◆ **Provided data**:
=====
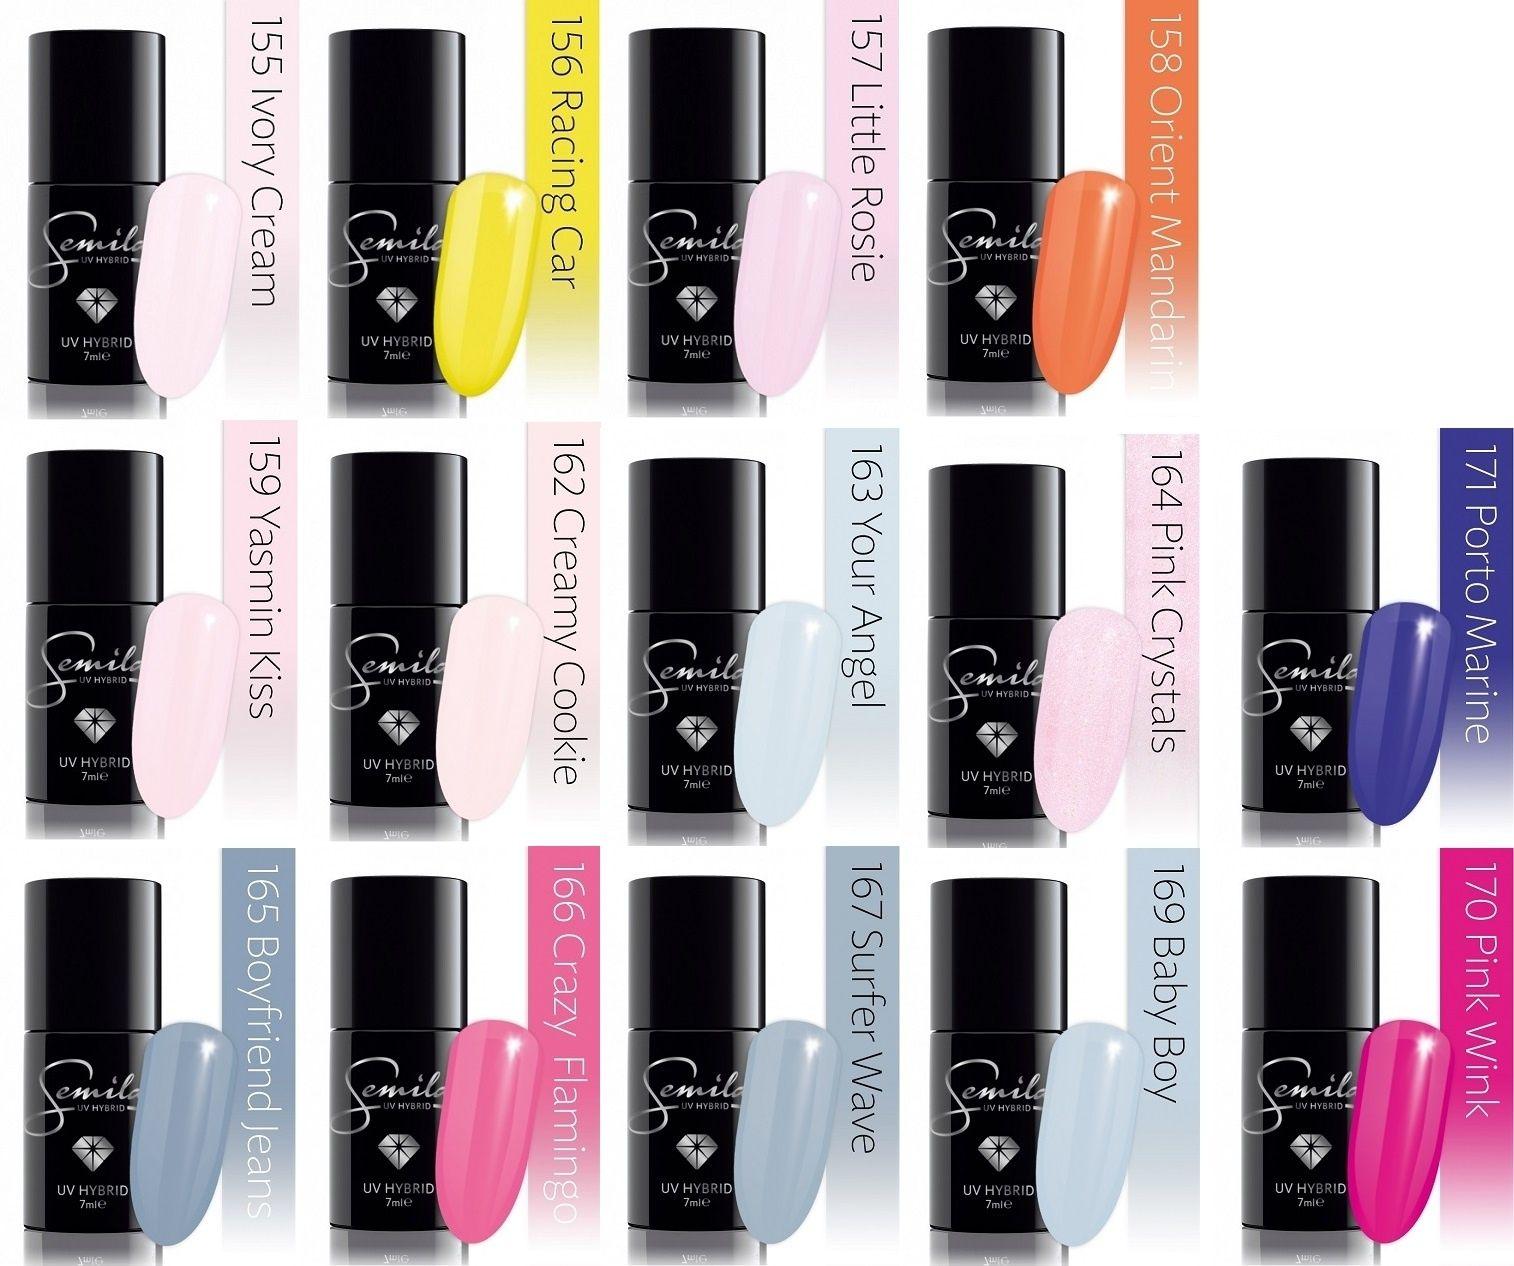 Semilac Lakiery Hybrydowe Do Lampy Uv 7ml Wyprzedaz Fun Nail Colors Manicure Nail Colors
=====
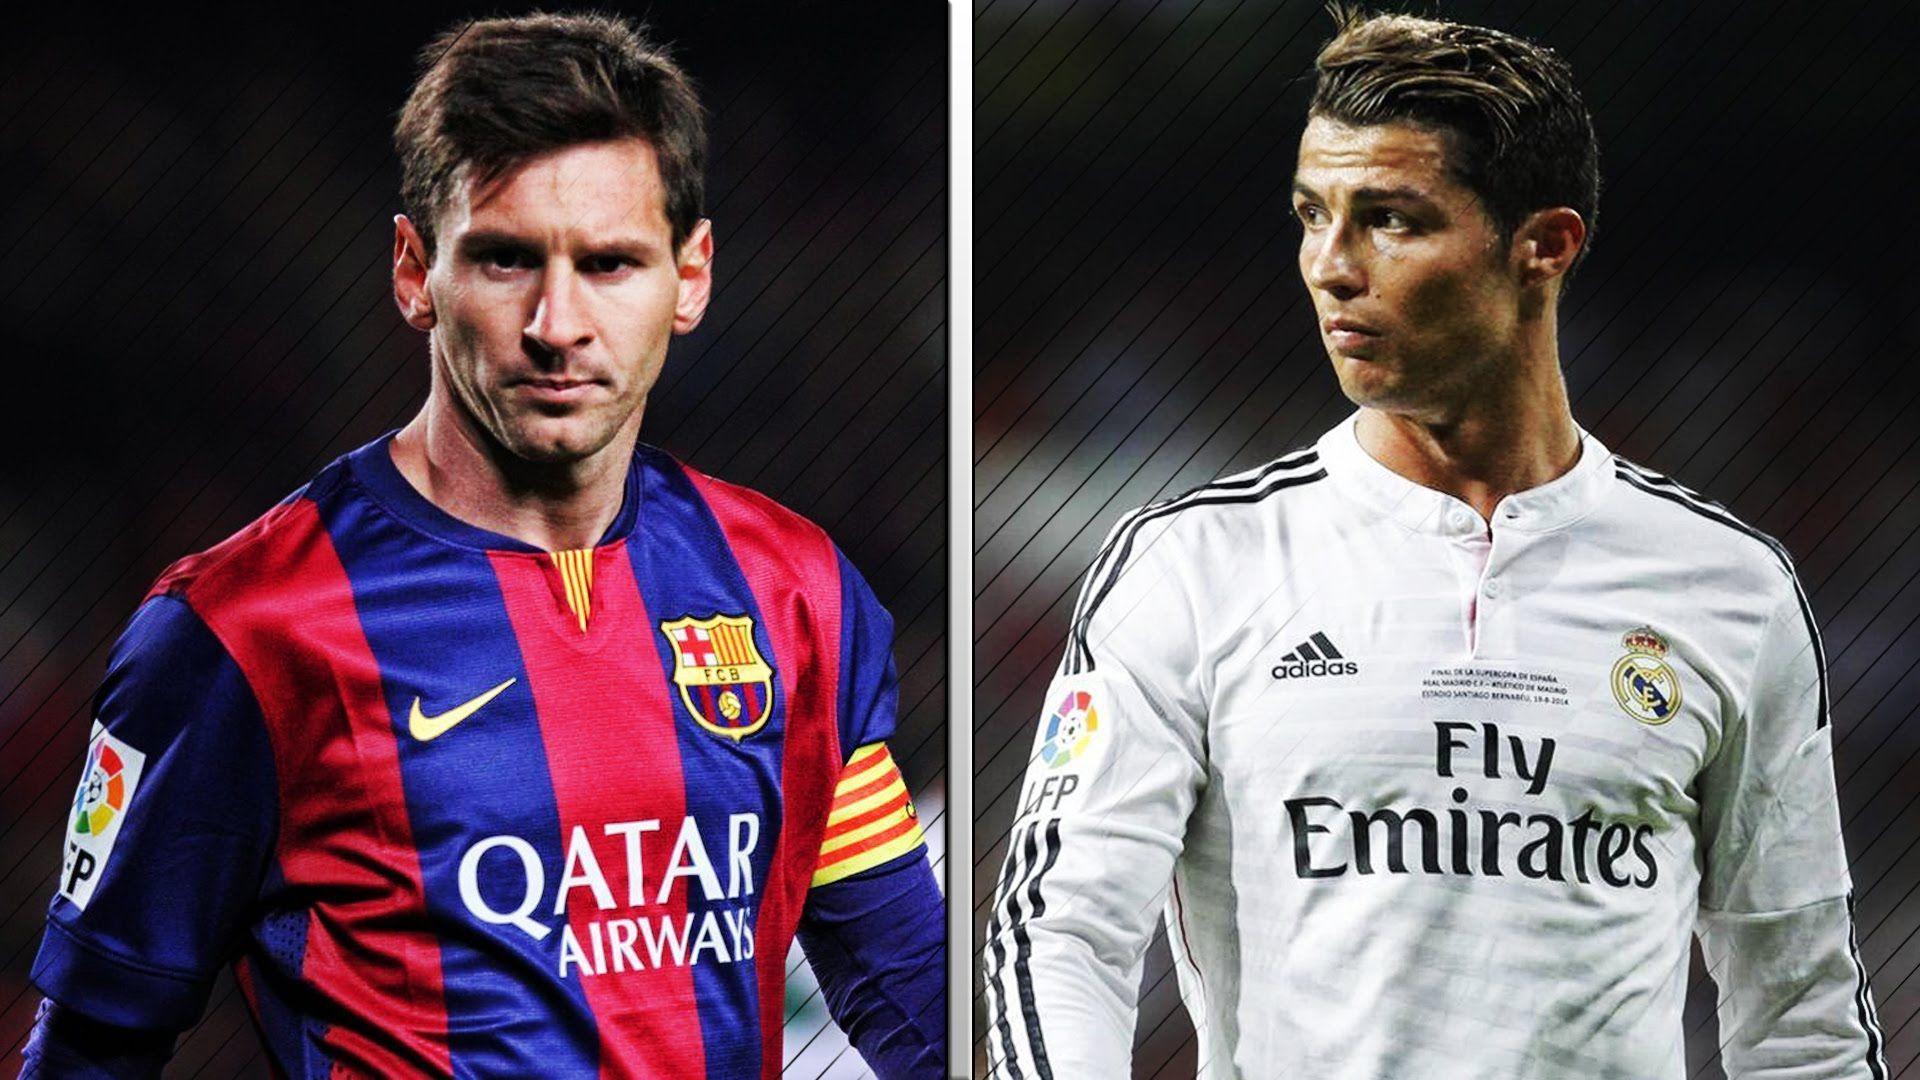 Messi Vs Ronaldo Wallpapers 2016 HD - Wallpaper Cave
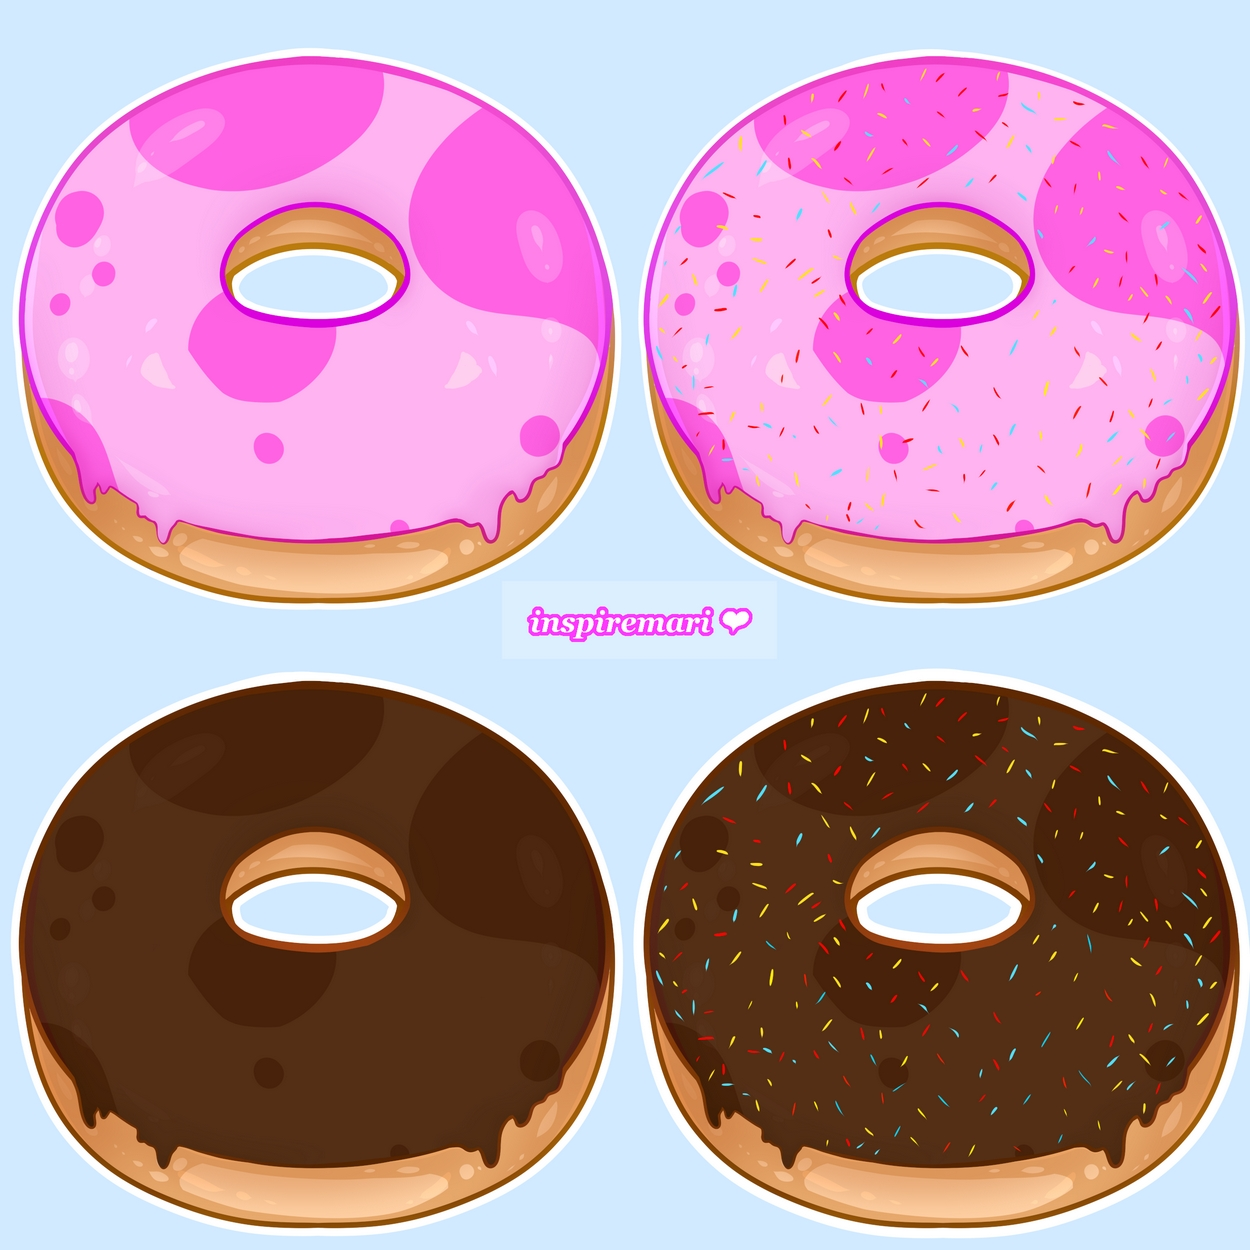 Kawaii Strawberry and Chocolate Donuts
=====
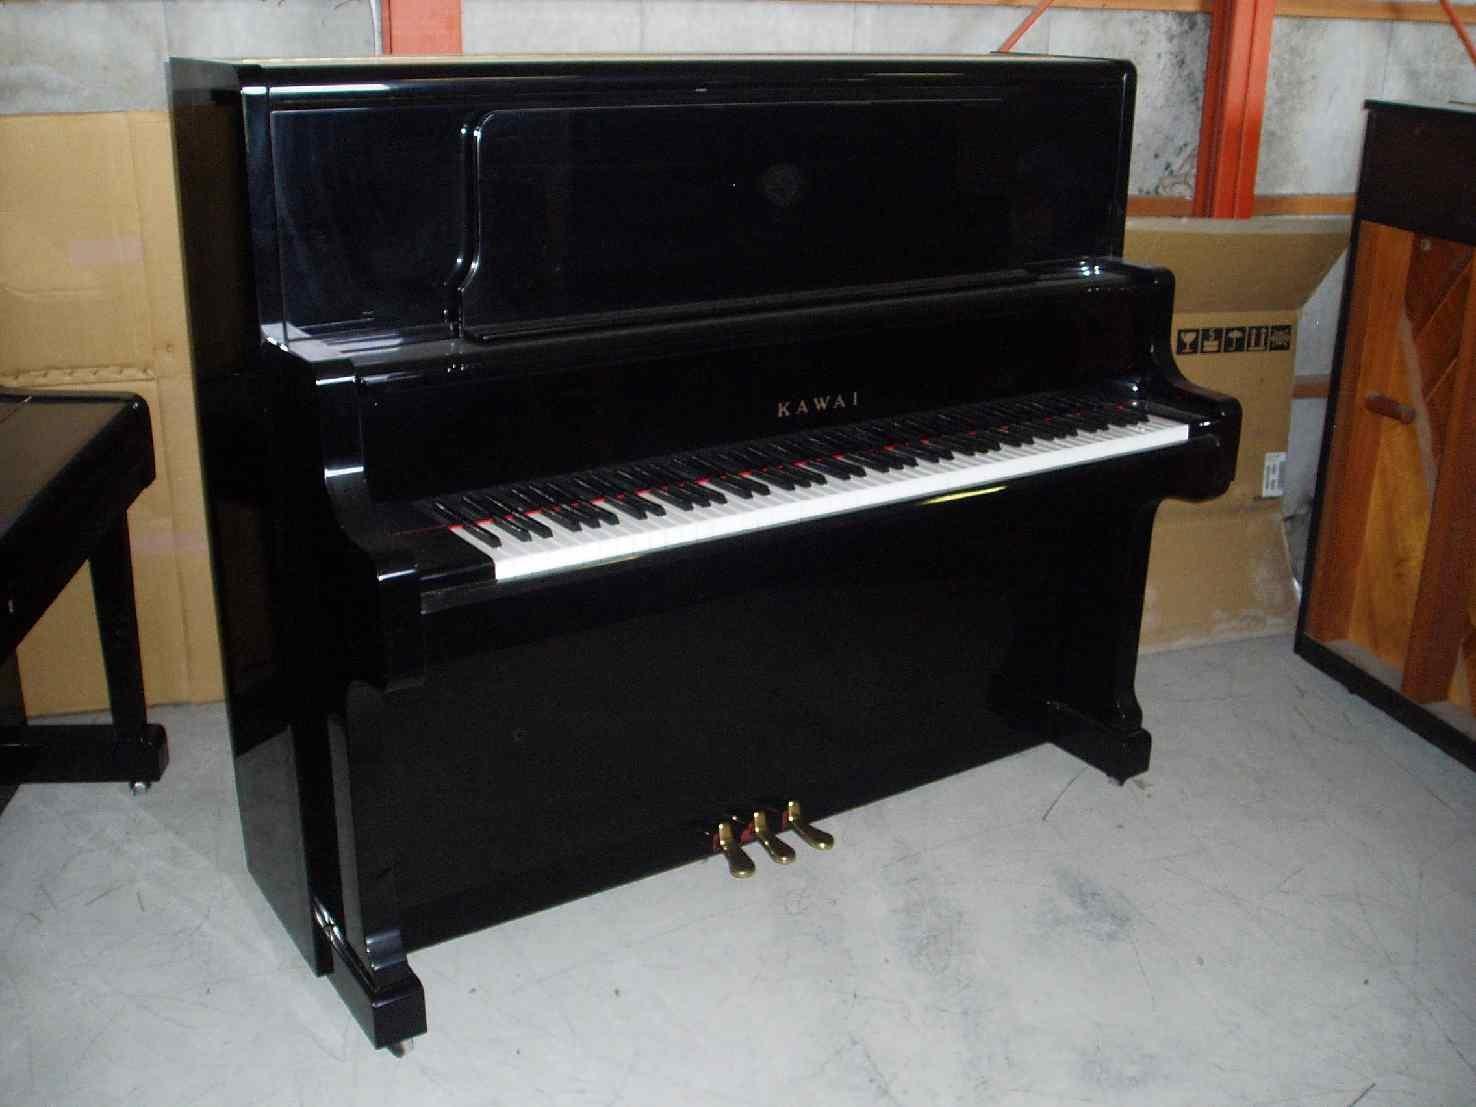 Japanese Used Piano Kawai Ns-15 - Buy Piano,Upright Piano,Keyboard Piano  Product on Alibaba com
=====
◆ **About this task**:
Although the records above contain pictures, the copy must not; set down exactly the lines from the one with "Messi Vs Ronaldo" up to and including the one with "Kawaii Strawberry and Chocolate Donuts".

◆ **Answer below**:
 Messi Vs Ronaldo Wallpapers 2016 HD - Wallpaper Cave
 Kawaii Strawberry and Chocolate Donuts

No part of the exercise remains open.